We had a report of Gateway Timeouts and observed one server that had gone offline. We proactively removed the server and replaced all current web servers with more robust instances to avoid further issues. Therefore, the issue should be resolved, but if you continue experiencing Gateway Timeouts after 10-15-min, please let us know so we can re-open and investigate further.

Report: "Reports of Gateway Timeouts"

Last update
resolved

No further reports of timeouts. New server has been in place for over 1-hr without issue. Closing the incident.

monitoring

We have replaced the problem server and are monitoring. Please remember to clear your browser cache if you get a timeout error accessing the web app. After a refresh it should stop happening.

identified

We are replacing the problem server and should be back to full service in 10-15 min.

investigating

We've received some reports of gateway timeouts while trying to access the web application. We see that one web server in our fleet was down for some time. If possible, clear your browser cache and try again. Let us know if the behavior continues at support@coveralls.io.

Report: "Intermittent outages"

Last update
resolved

We are closing this incident after monitoring and observing no further outages throughout the rest of the day.

monitoring

We think we have resolved this issue, but we will continue to monitor for the next hour before closing this incident.

monitoring

We are modifying configs and deploying new servers. Please allow 15-20 minutes for new server fleet to deploy.

monitoring

We are still seeing intermittent outages without a known root cause. We are continuing our investigation.

monitoring

We have deployed new servers and continue to investigate the cause of intermittent outages with the previous servers. Website and API are fully operational at this time.

identified

We are deploying new servers and decommissioning problematic ones. Current outages should be resolved within 5-10 minutes.

investigating

We are receiving reports of intermittent outages of both the web app and the API. We are investigating.

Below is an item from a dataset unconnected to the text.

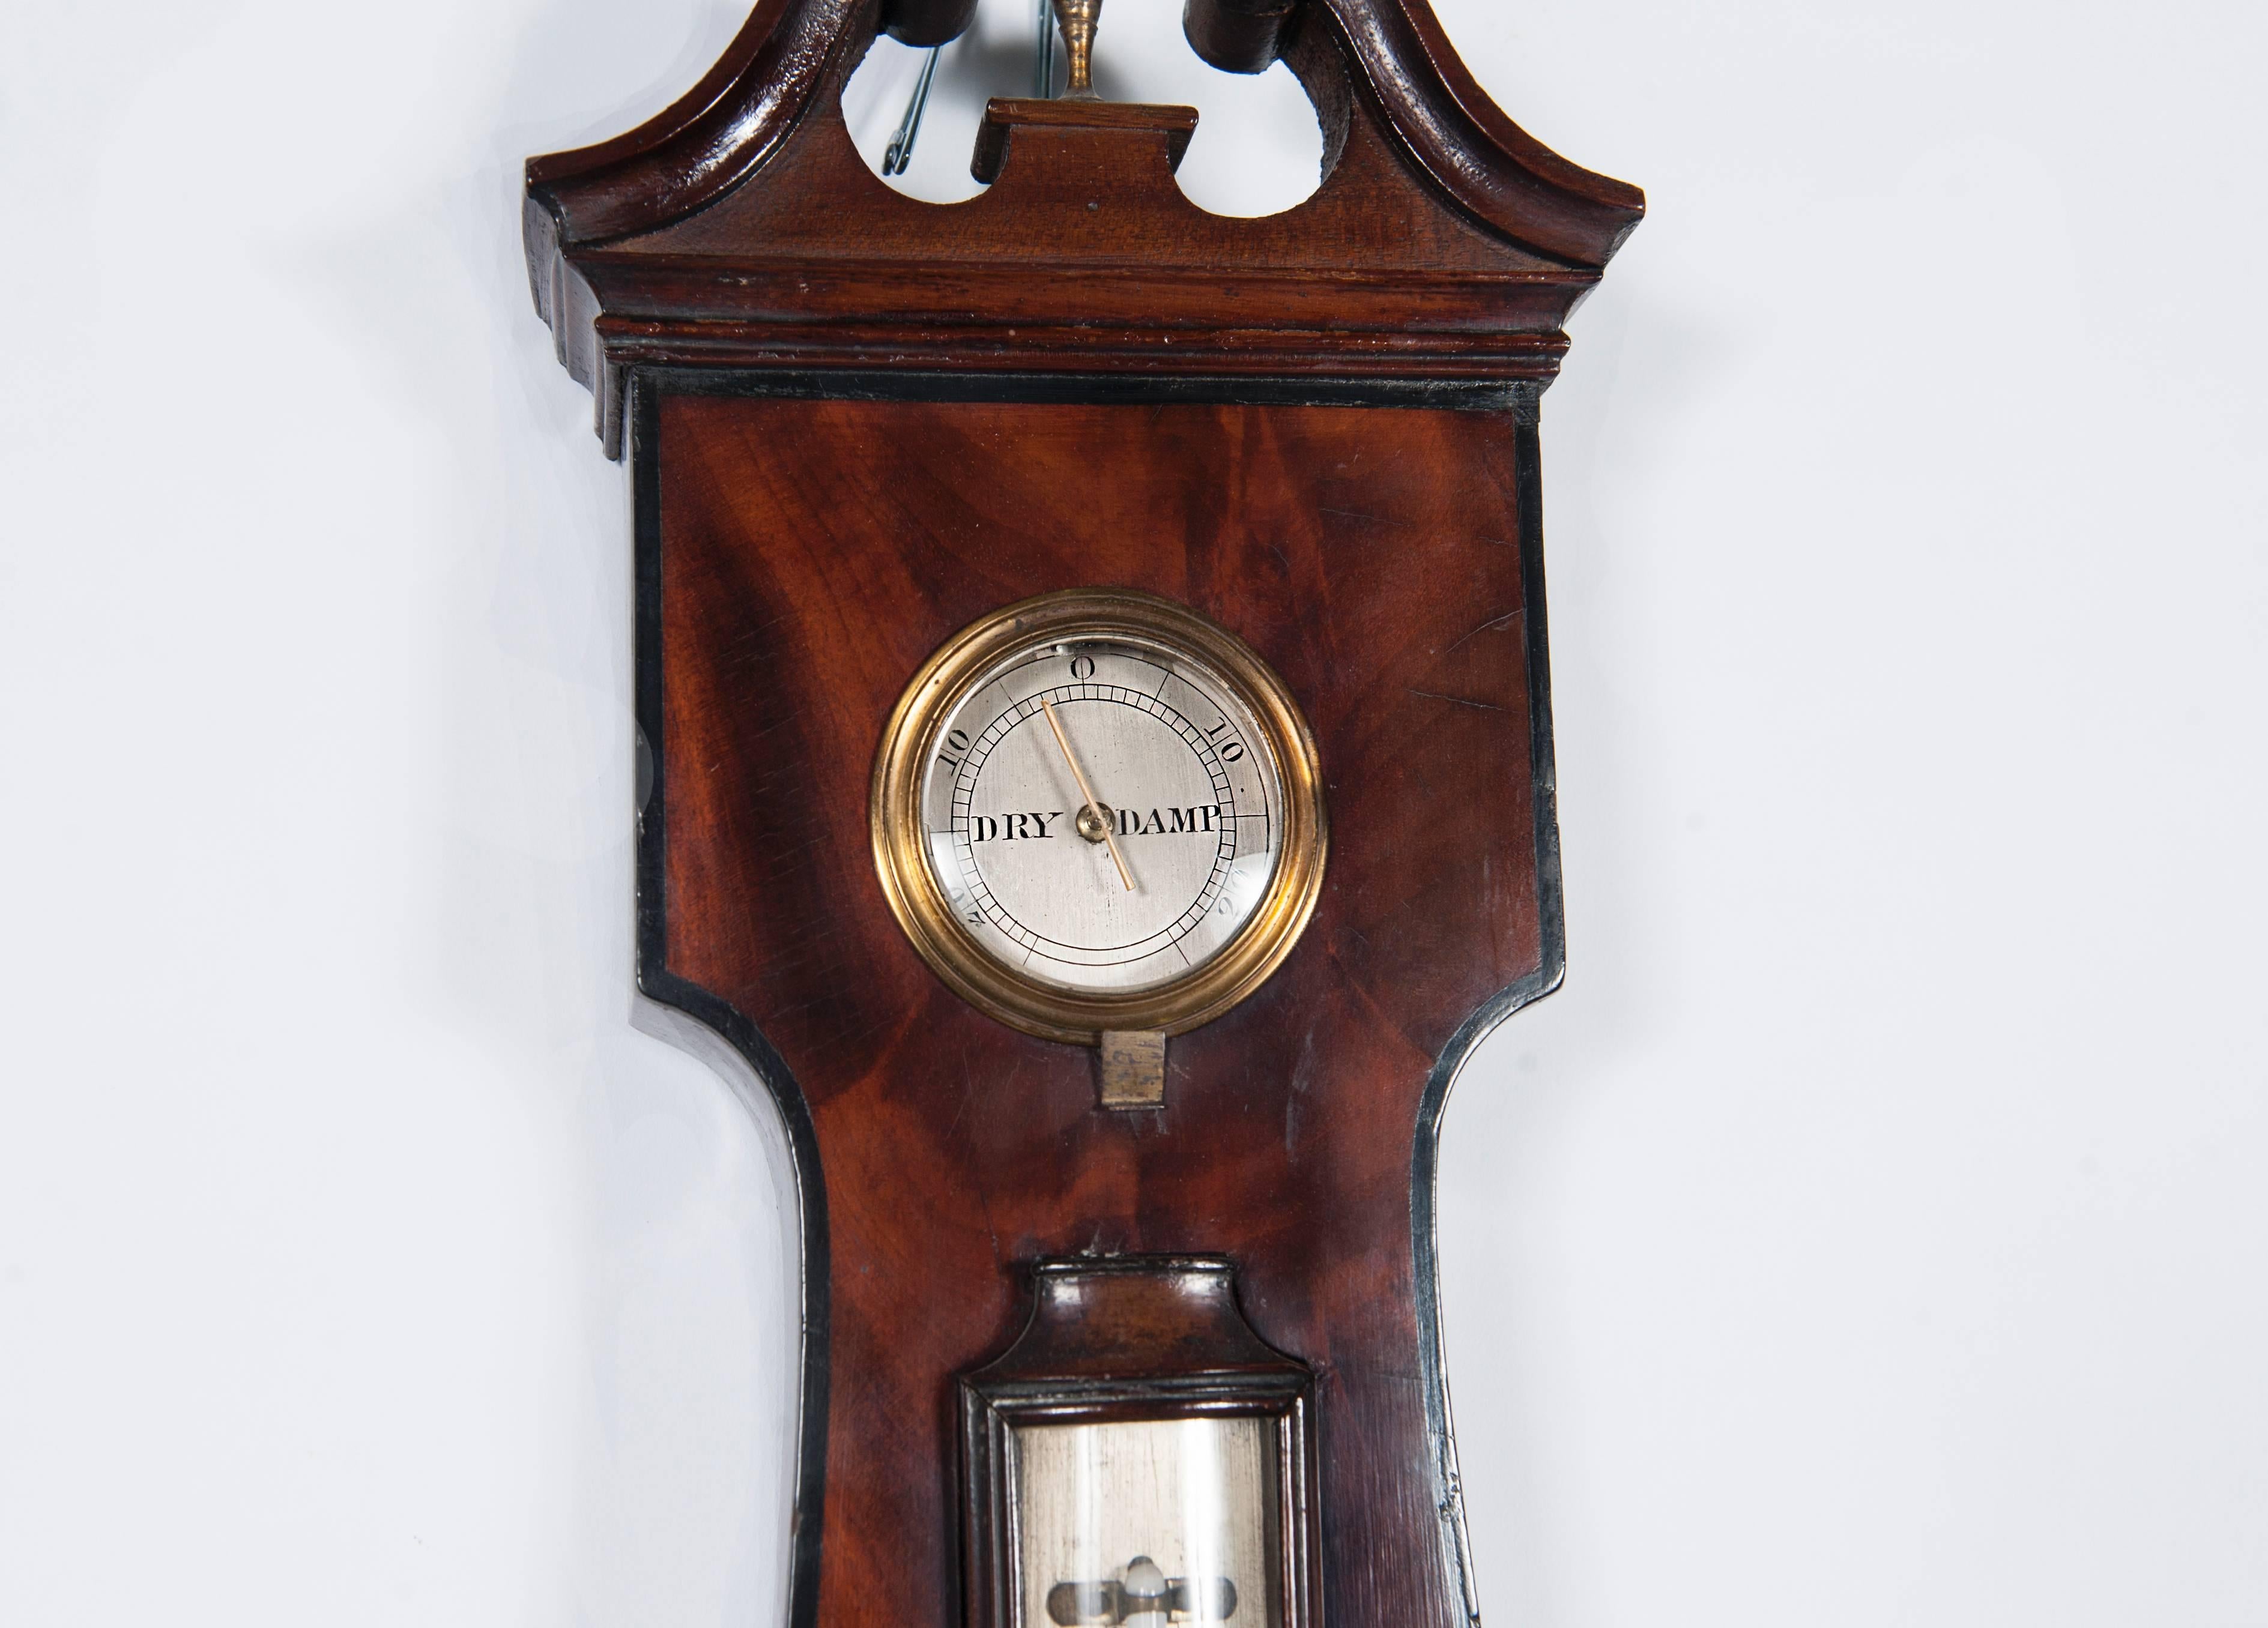 An imposing king-size wheel barometer by "Tarelli" New Castle, engraved silvered plates Mercury thermometer and separate hygrometer, signed "Tarelli New Castle," blue steel hand and brass vernier. Mahogany case with swan neck top

Report: "Degraded web performance & slower than normal builds"

Last update
resolved

Resolving this incident as we enter our maintenance window from 10p US PST to 2a US PST.

monitoring

We have a performance issue rooted in our database, which, to resolve, will take several full maintenance activities with downtime. We tried to do so last night without luck due to time needed. We have scaled infrastructure to its maximum useful size to manage the current issue, but we will need to complete the full maintenance to return performance to normal. That will require additional planned maintenance window tonight from 10p-2a US PST. This incident will remain open all of today as we monitor the situation until the next maintenance window.